По воле народа мы вышли в дозоры,

Разроем змеиные грязные норы,

Разрушим скопленье поганых их гнезд.

Так пусть же трепещут народа враги.

Обрушим священную силу закона,

Растопчем всех змей, перебьем скорпионов, —

Раздавим змеиные языки

[112]

.

В формульной фиксированности фольклорного бестиария врагам (змеям, жабам, скорпионам, собакам, волкам и шакалам) противостоят батыры (львы, орлы и соколы). И первый из них — Ежов. Ему Джамбул посвятил до десятка песен, чем внес самый значительный вклад в ежовиану, став главным ее поэтом. Наибольшую известность получила его «Песня о наркоме Ежове» (1937), которую Вл. Луговской назвал «лучшим, что написано о доблести, о суровой чистоте человека, олицетворяющего собой обнаженный меч революции»[113].
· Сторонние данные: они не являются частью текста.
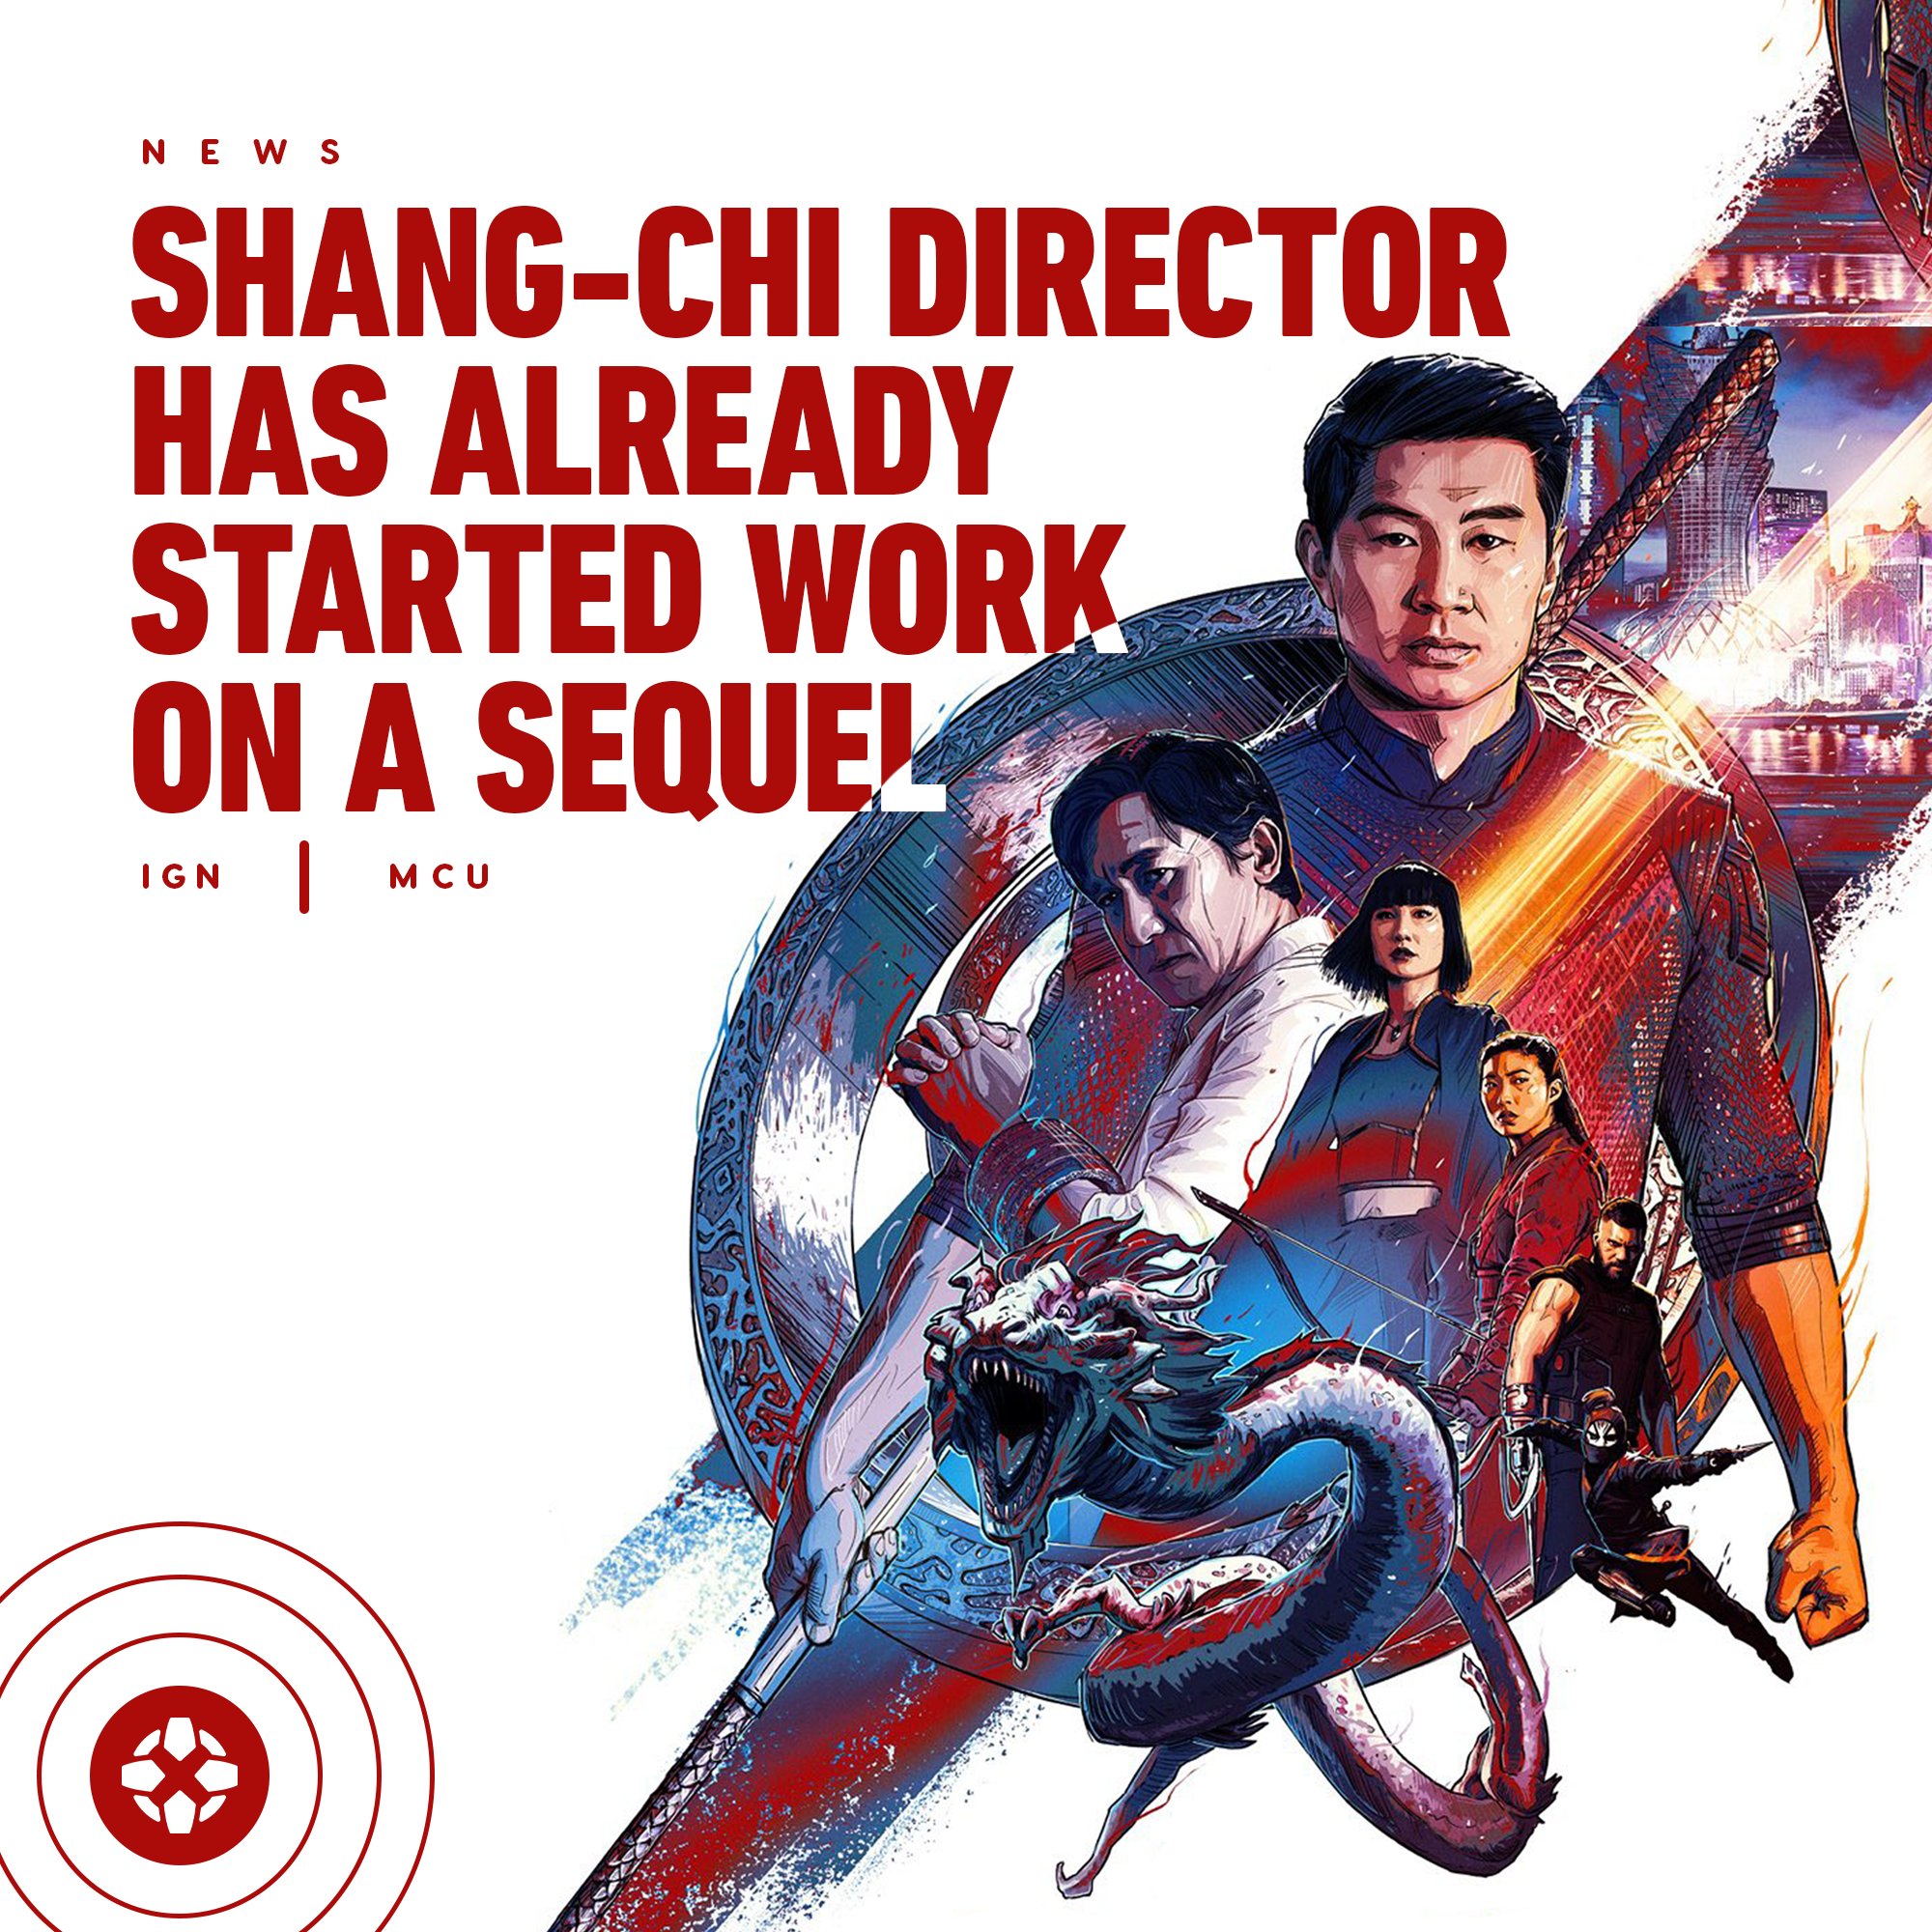 IGN - Shang-Chi director Destin Daniel Cretton is

Вообще мотив «обнаженности» играет важную роль в ежовиане. В «Поэме о наркоме Ежове» мы узнаем, что он — «меч, обнаженный спокойно и грозно». А «Песня о батыре Ежове» начиналась словами:

Кочуй по джайляу

[114]

, лети по аулам,

Степная гортанная песня Джамбула

О верном и преданном сталинском друге,

Враги пред которым трепещут в испуге. <…>

Он снится шпионам, злодеям заклятым.

Всегда с обнаженным разящим булатом.

(Пер. К. Алтайский)[115]

В первых газетных публикациях последняя строка шла, однако, в иной редакции: «Он снится шпионам, злодеям заклятым, / Всегда — обнаженным, разящим булатом». Запятая в последней строке делала текст двусмысленным: то ли батыр Ежов разил врага обнаженным булатом, то ли снился врагу обнаженным. Как бы то ни было, текст последней строки был изменен. Но поскольку тексты ежовианы исчезли из обращения сразу после снятия Ежова с поста наркома НКВД и с тех пор не публиковались, мало кто обратил внимание на факт встречи Джамбула с любимым наркомом 8 января 1938 года, который также не упоминается в публикациях Джамбула и о Джамбуле после 1938 года. Однако сам Джамбул описывал эту встречу в своем интервью «Мое счастье»[116], которое впоследствии многократно переиздавалось в купированном виде. Встреча произвела на акына столь глубокое впечатление, что он создал очередную песню «Встреча с товарищем Ежовым» (1938), начинавшуюся словами: «Из края, где над степью несется крик орлов, / К тебе я рвался сердцем, любимый мой Ежов! / Во снах ты мне являлся в степи в ночную тьму, / И вот тебя я вижу и крепко руку жму. / Батыр легенд и песен, стоишь ты предо мной / Со светлою улыбкой, приветливый, родной». (Пер. К. Алтайский)[117]. Эти явления «родного» Ежова (который, как известно, не чуждался однополых связей) во сне — то «со светлою улыбкой», а то и вовсе обнаженным — воспринимаются не только как сублимация насилия, но и как эротизация его, выдавая присущую ему латентную гомосексуальность.